▶ **Problem to work on**:
Pictures excluded, output exactly the lines from the one containing "Toner compatível com" through the last line of the listing below.

▶ **Supplied material**:
******

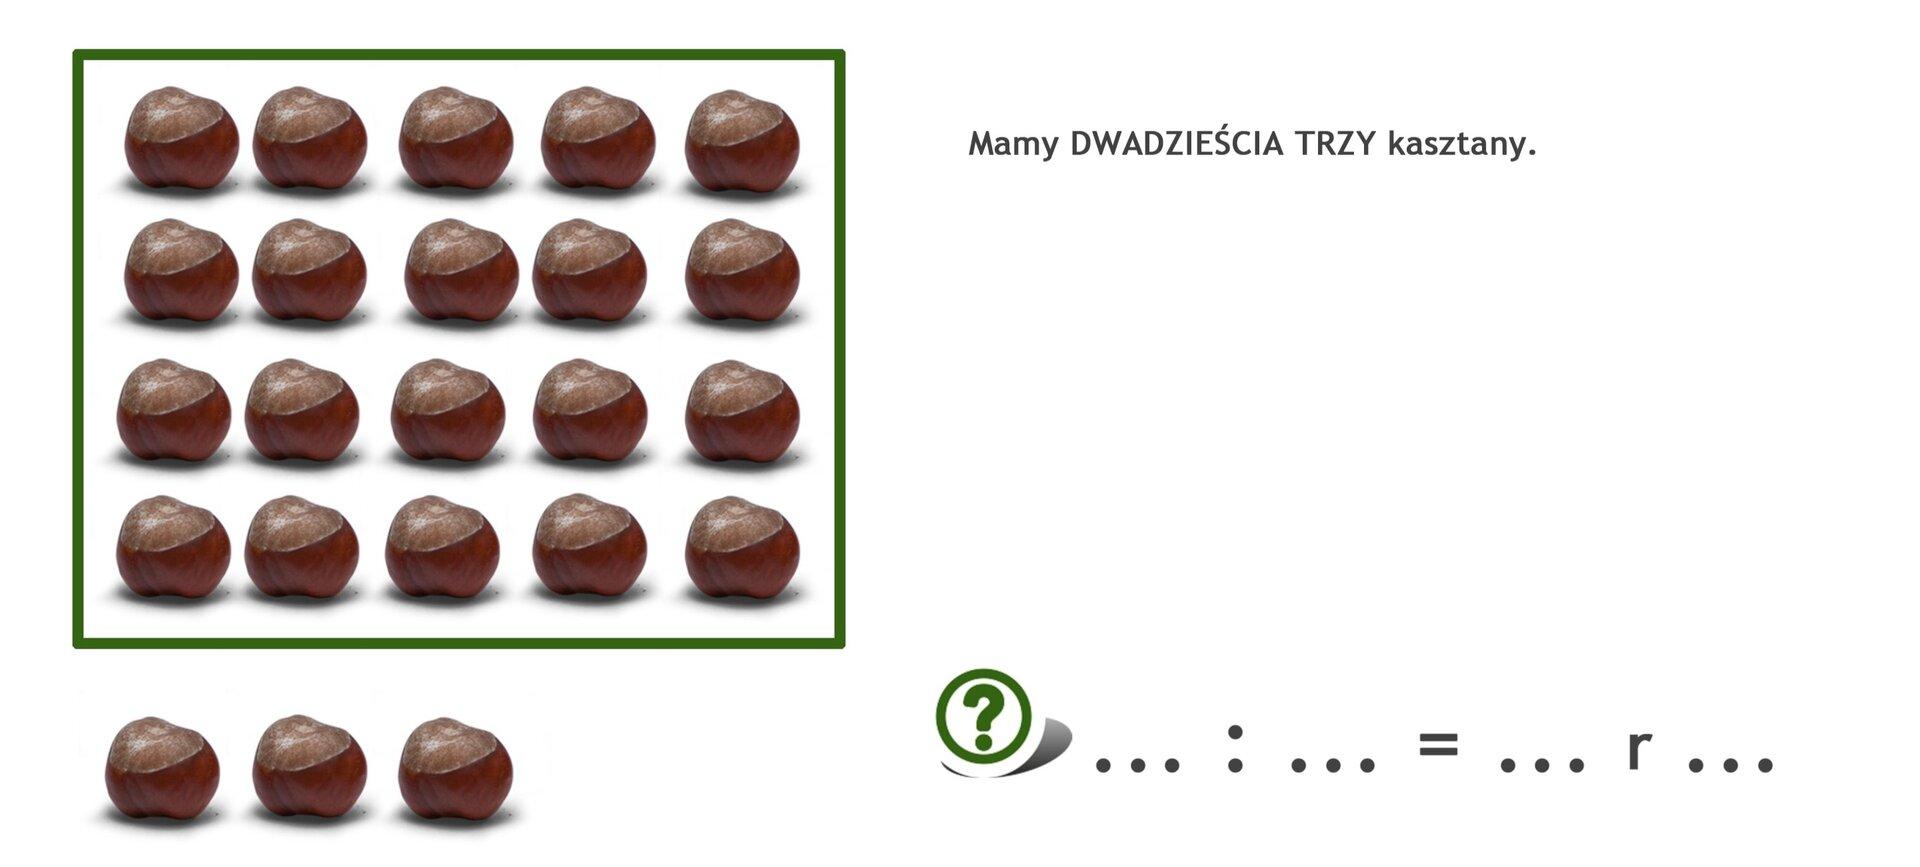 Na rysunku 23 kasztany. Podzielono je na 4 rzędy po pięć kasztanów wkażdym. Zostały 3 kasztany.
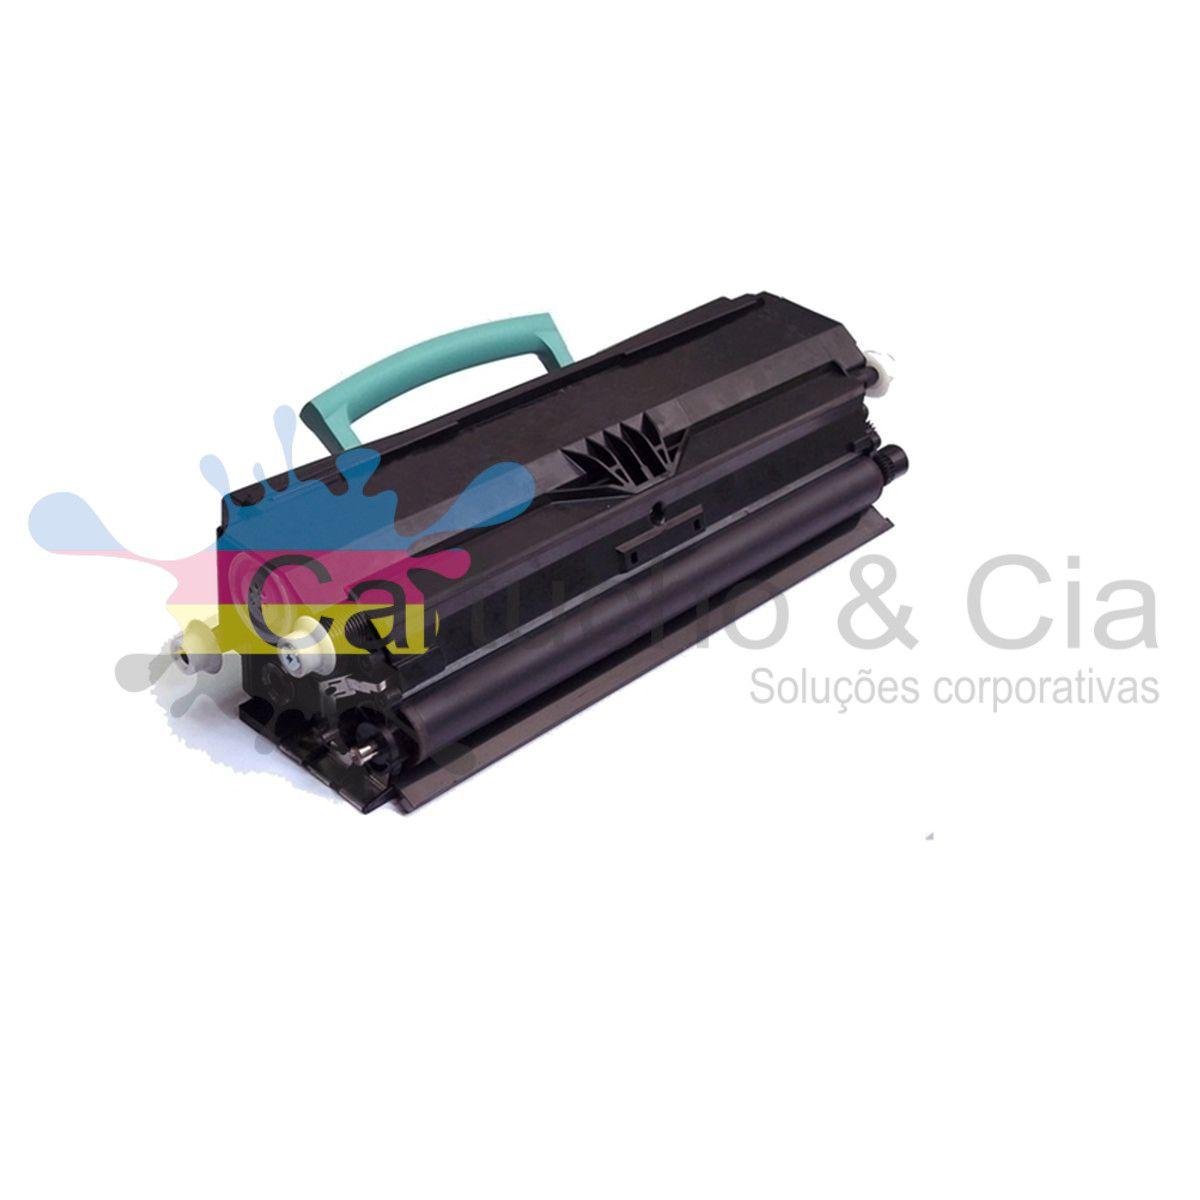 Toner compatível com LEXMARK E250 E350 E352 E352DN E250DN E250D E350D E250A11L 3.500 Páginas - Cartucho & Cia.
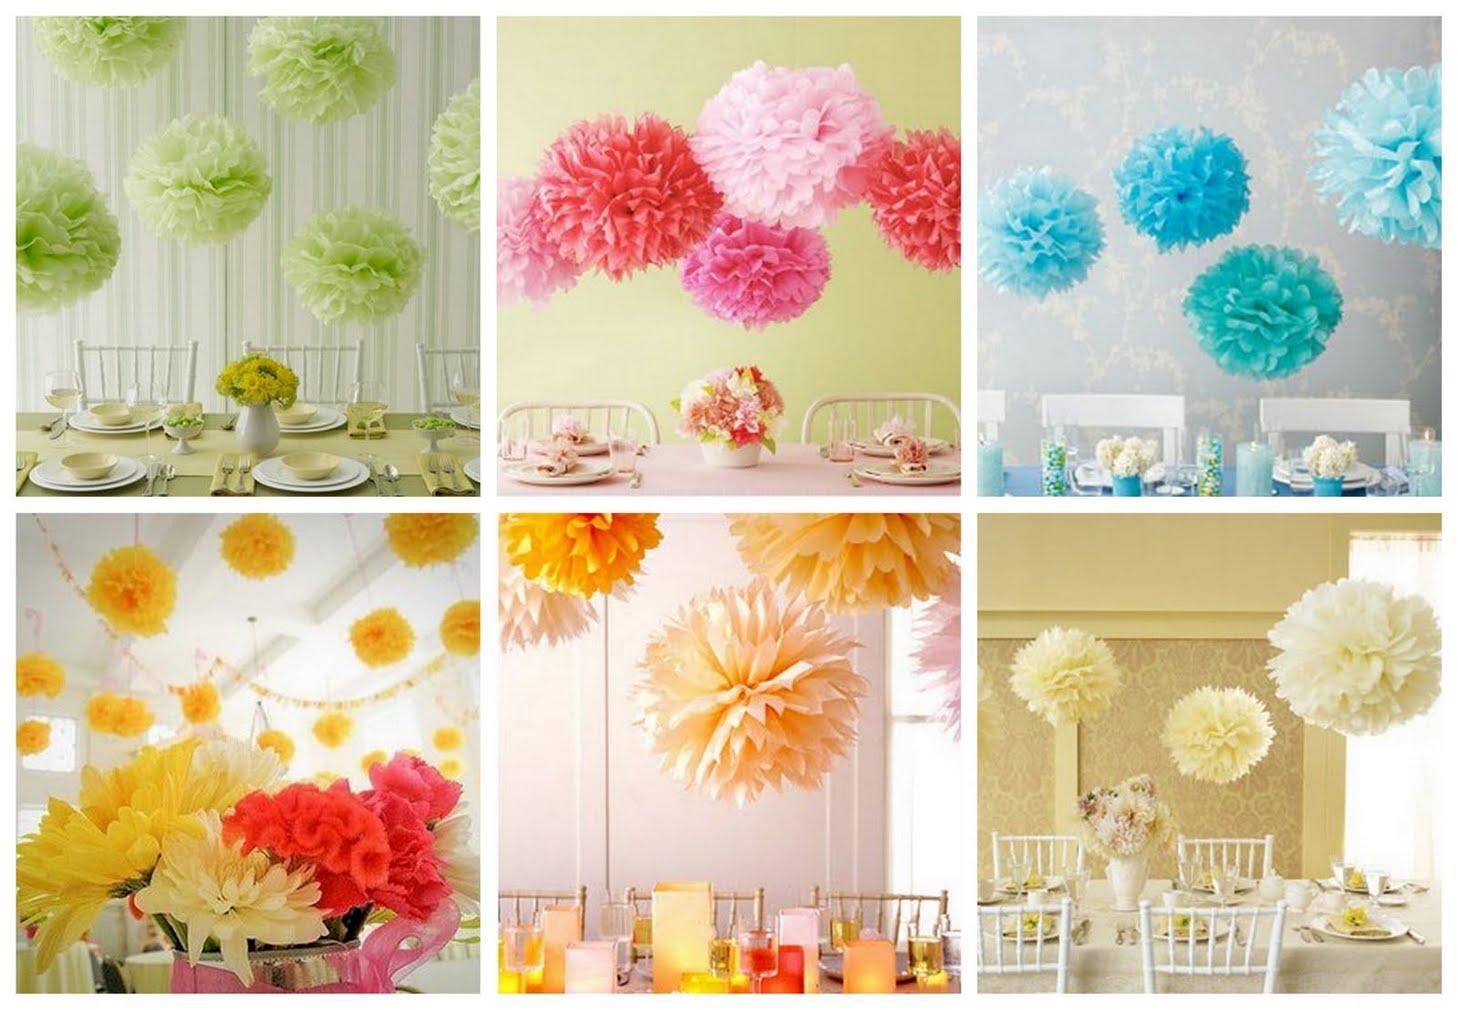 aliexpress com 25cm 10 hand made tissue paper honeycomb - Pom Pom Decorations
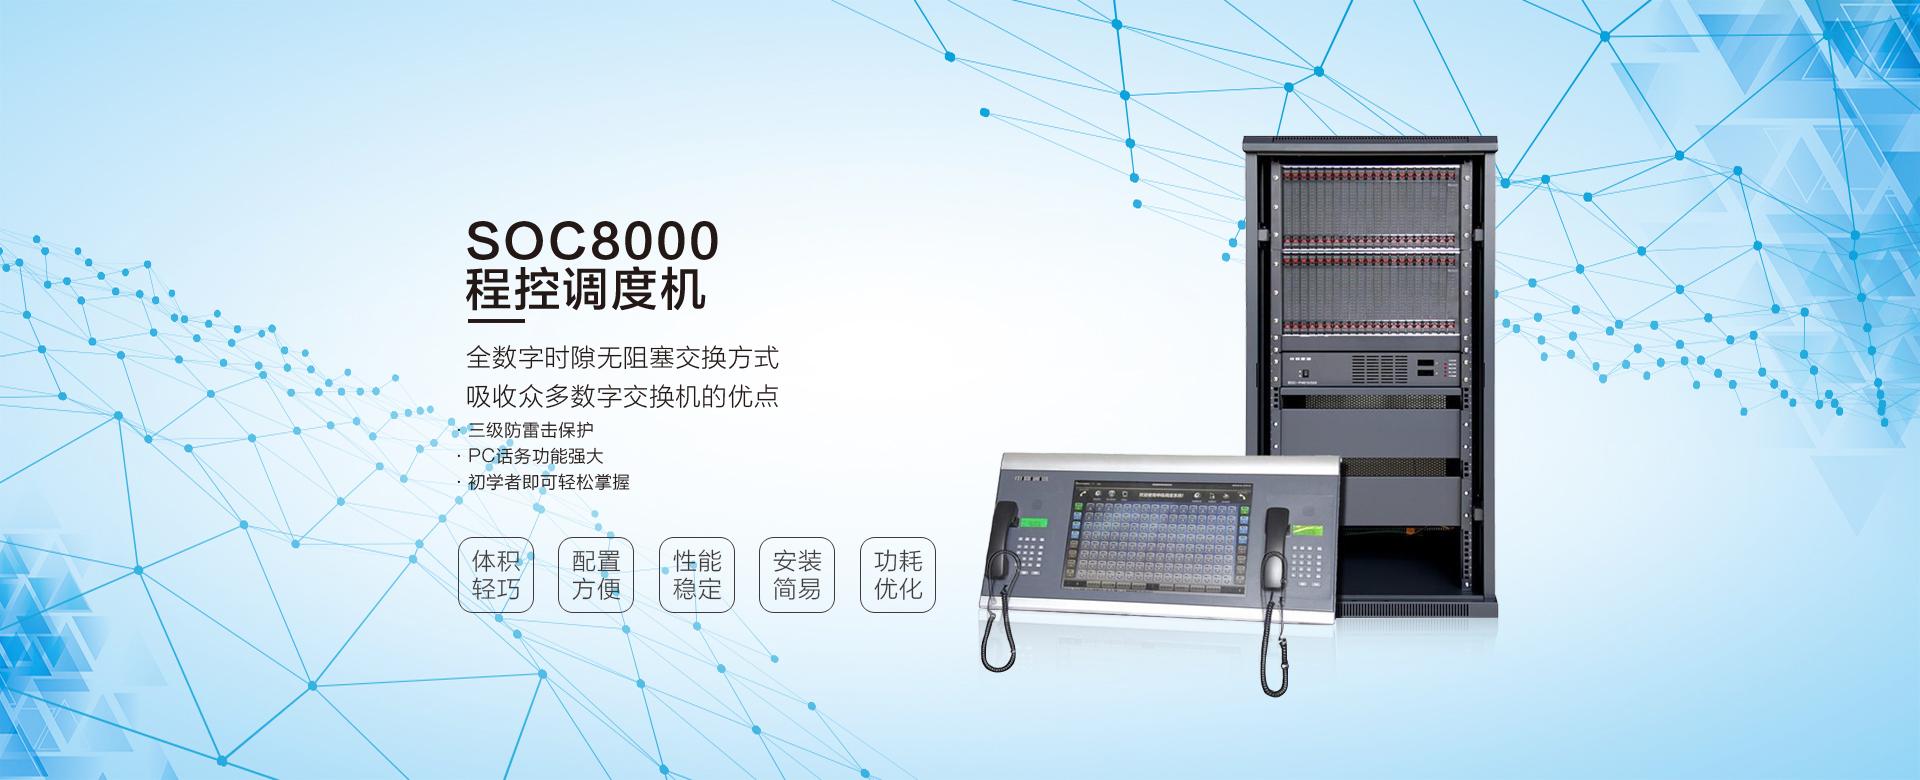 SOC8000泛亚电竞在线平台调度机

******

▶ **Solution for this task**:
 Toner compatível com LEXMARK E250 E350 E352 E352DN E250DN E250D E350D E250A11L 3.500 Páginas - Cartucho & Cia.
 aliexpress com 25cm 10 hand made tissue paper honeycomb - Pom Pom Decorations
 SOC8000泛亚电竞在线平台调度机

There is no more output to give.